> Exercise data:
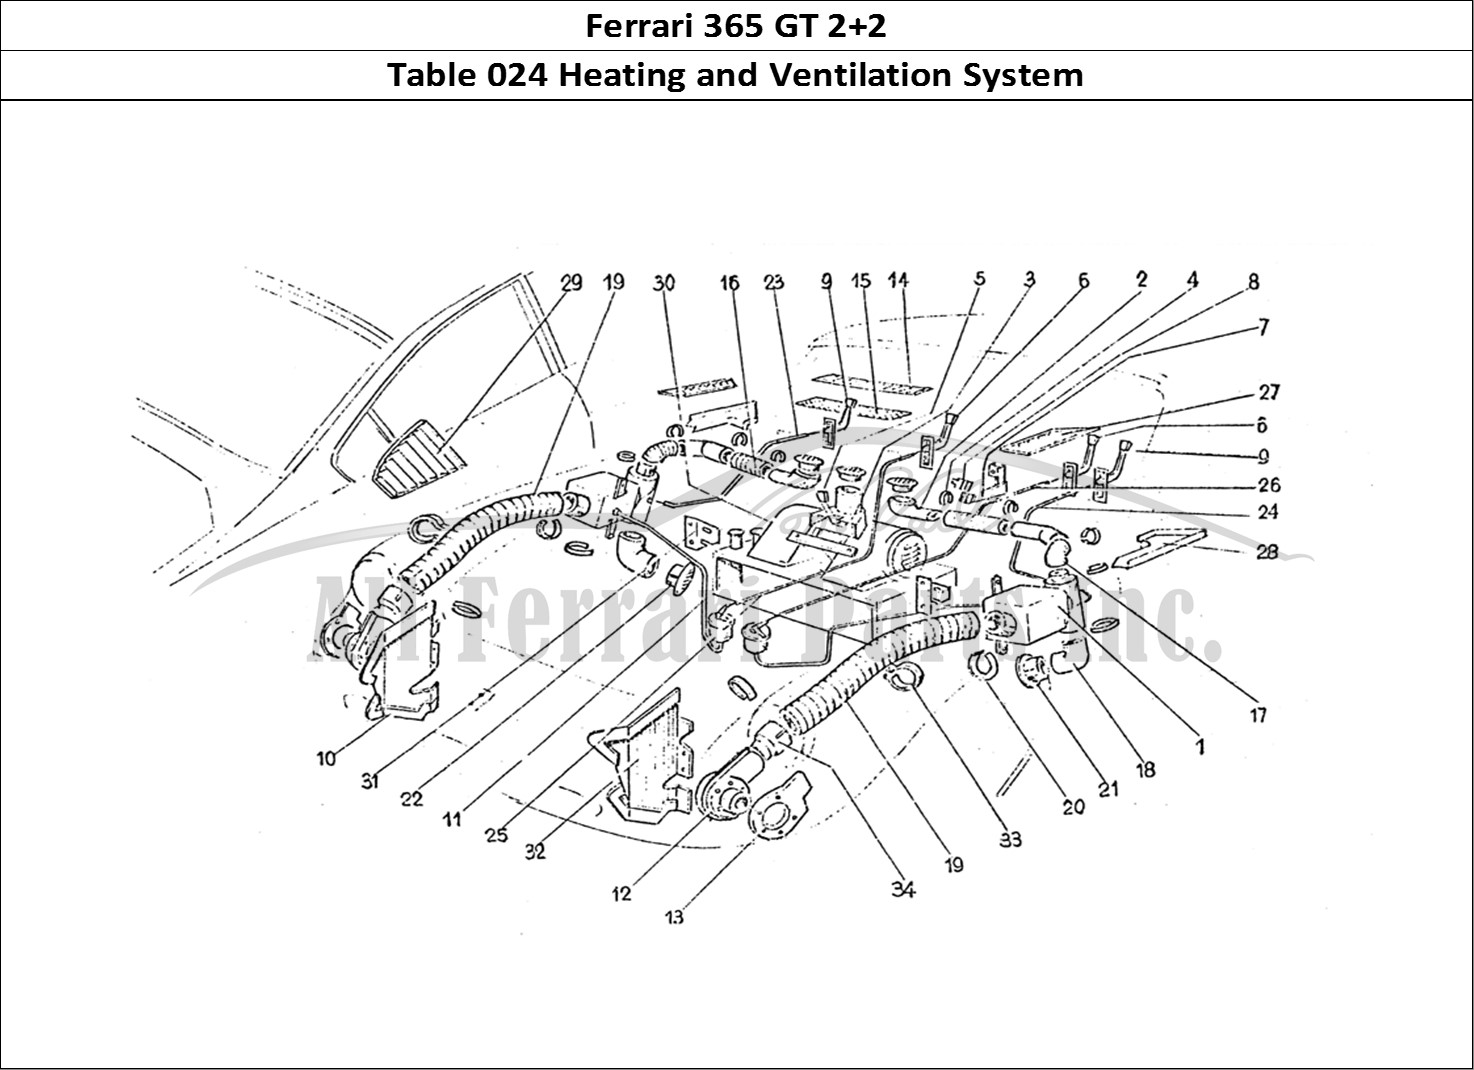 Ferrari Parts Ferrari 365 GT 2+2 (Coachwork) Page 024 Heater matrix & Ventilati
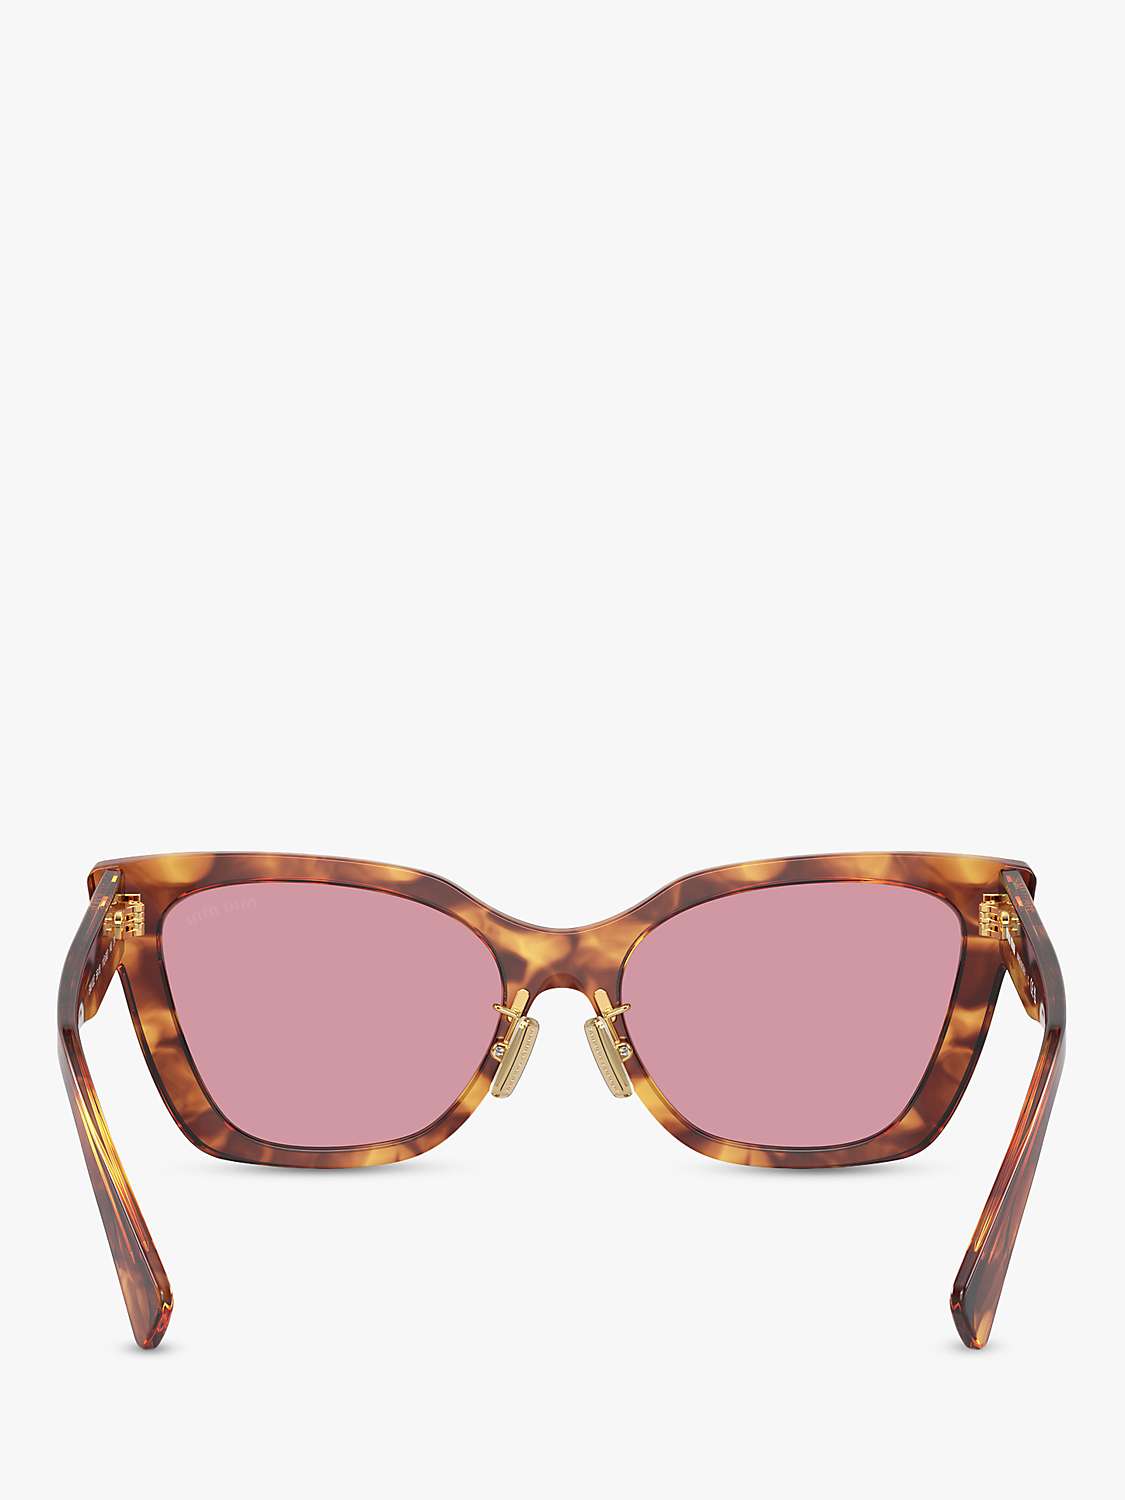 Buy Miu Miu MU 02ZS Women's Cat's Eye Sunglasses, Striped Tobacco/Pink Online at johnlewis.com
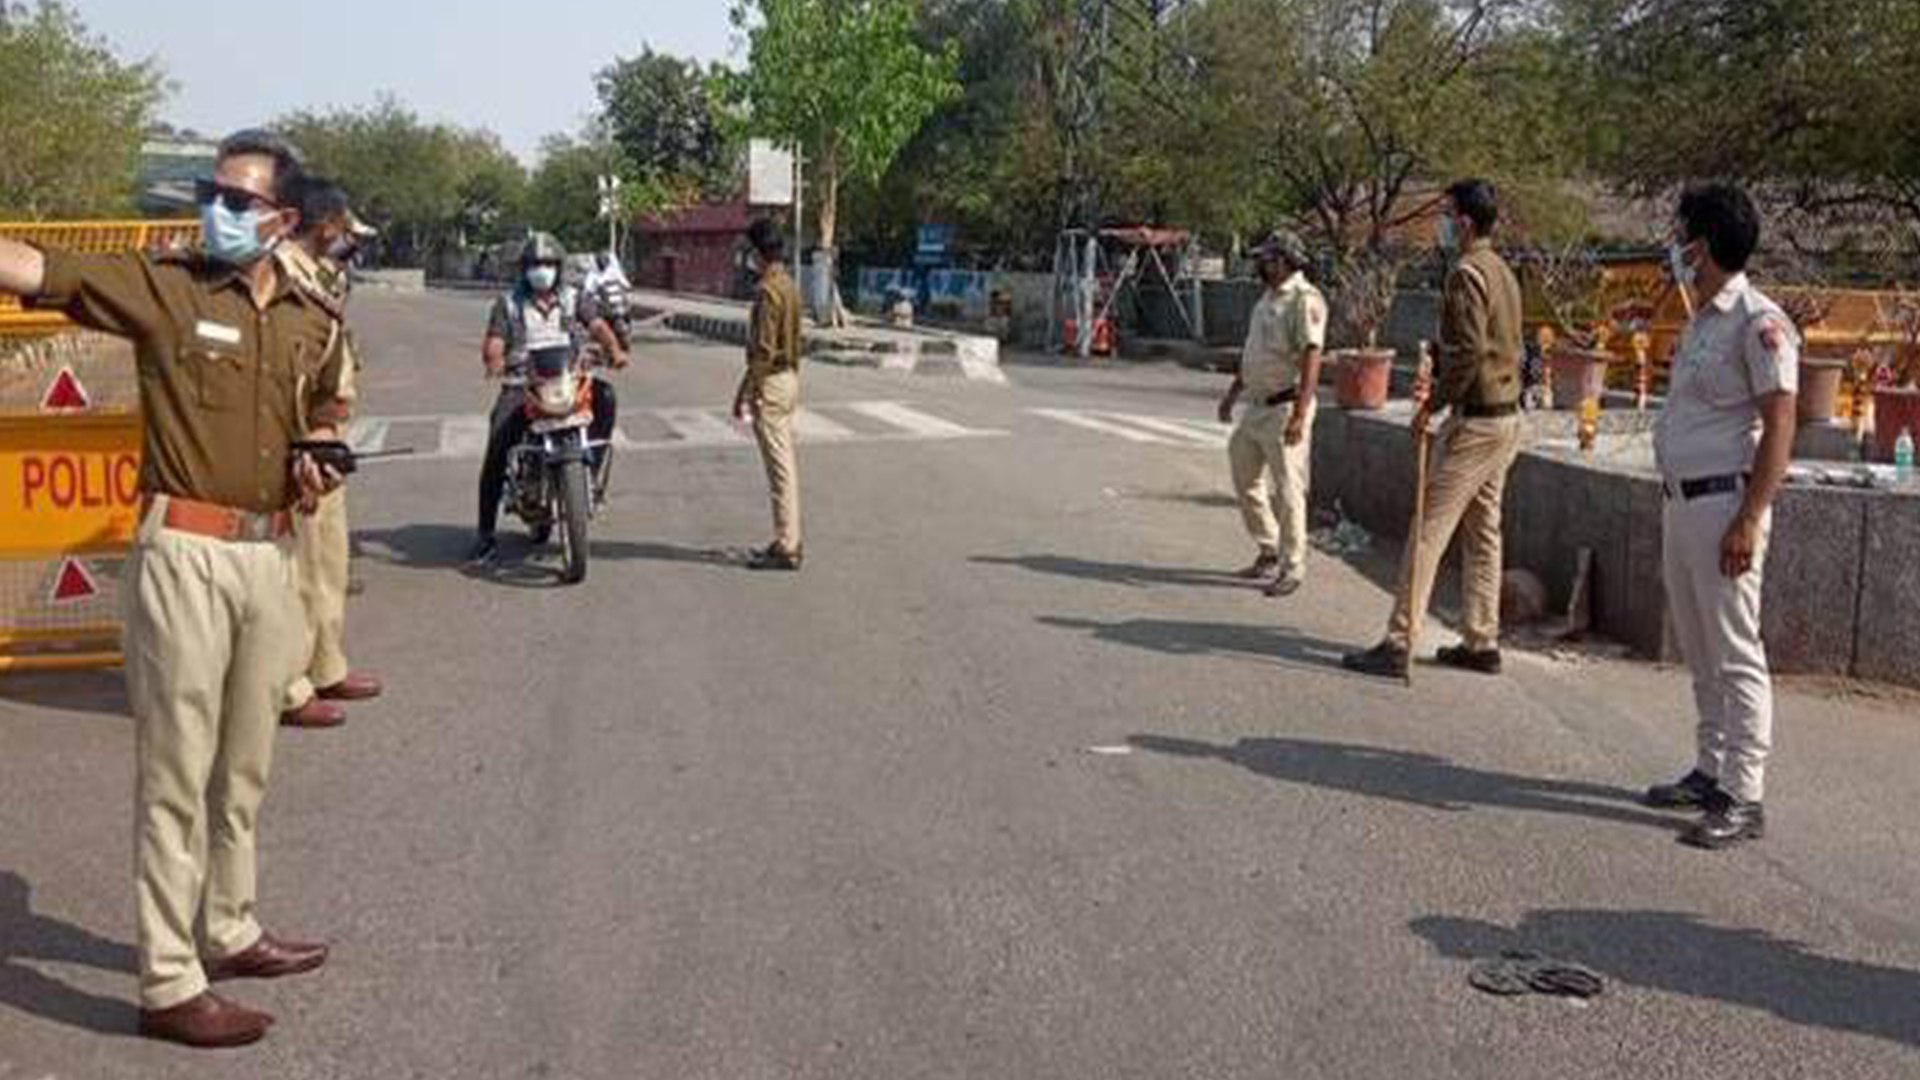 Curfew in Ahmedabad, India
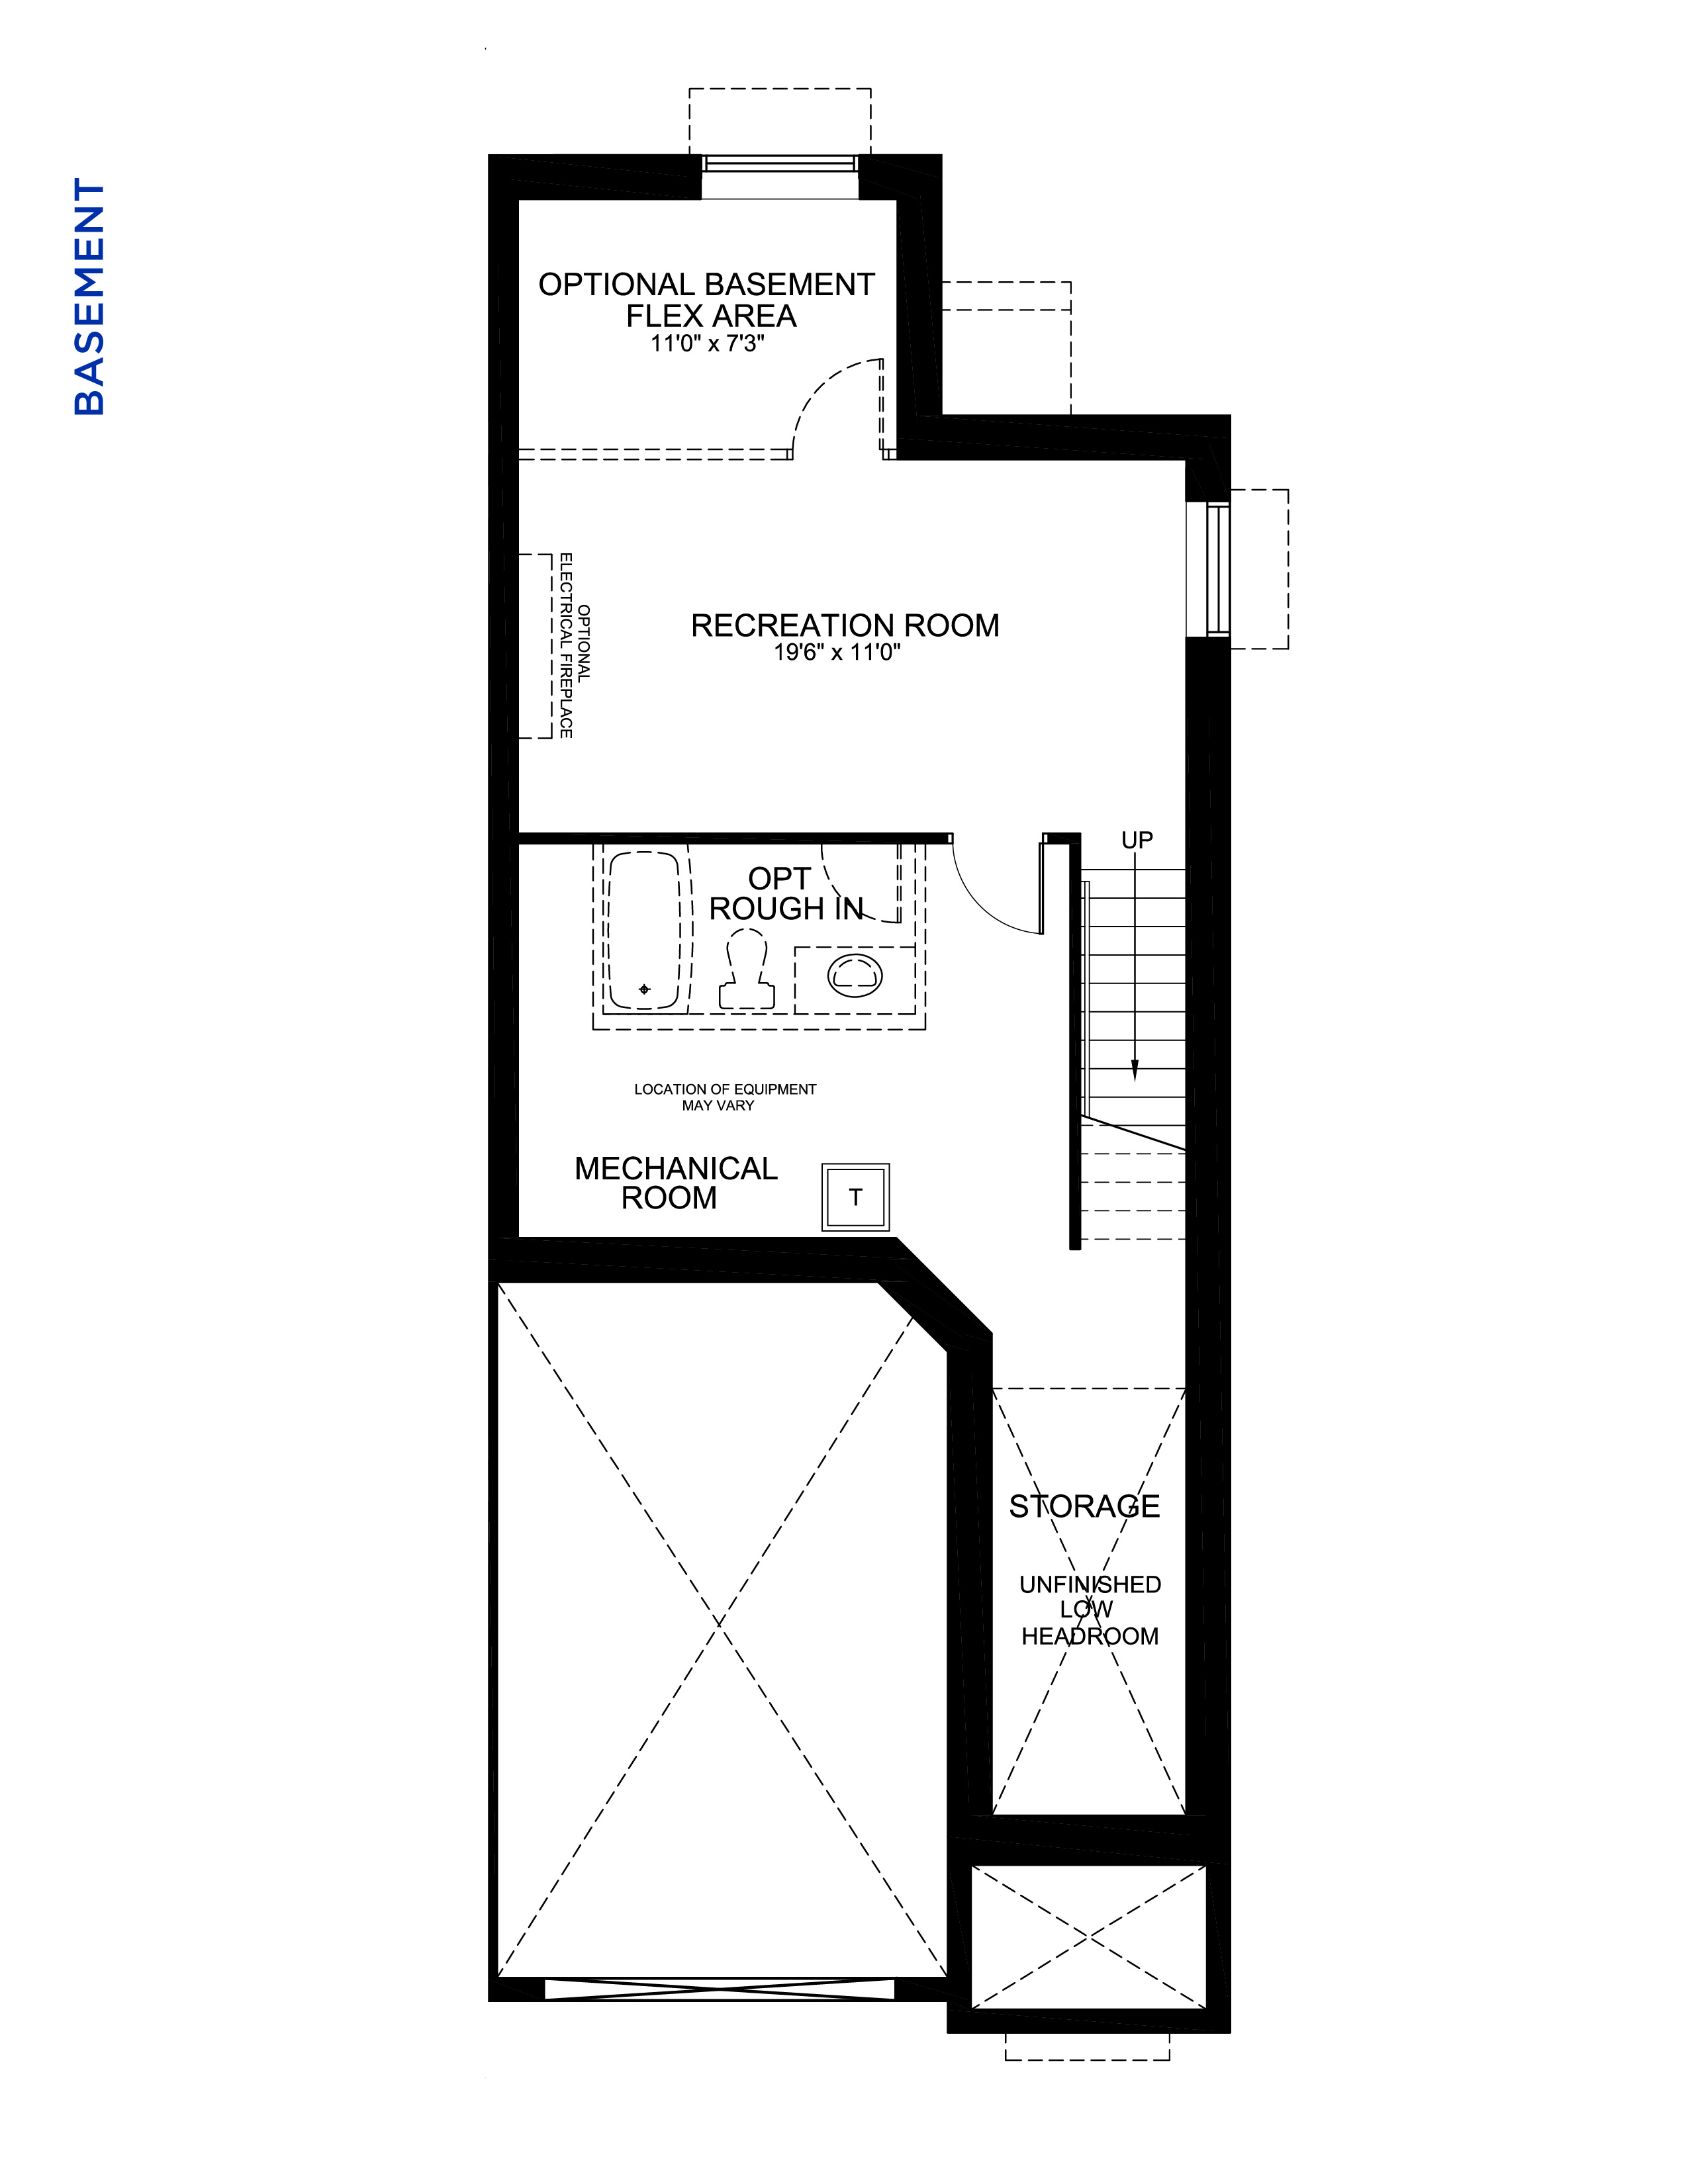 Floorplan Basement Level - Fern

> Task description: Retyping is limited to the line with "Curfew in Ahmedabad, India" and the lines after it in the material above; give them exactly and leave out the pictures.

> Exercise answer:
 Curfew in Ahmedabad, India
 Floorplan Basement Level - Fern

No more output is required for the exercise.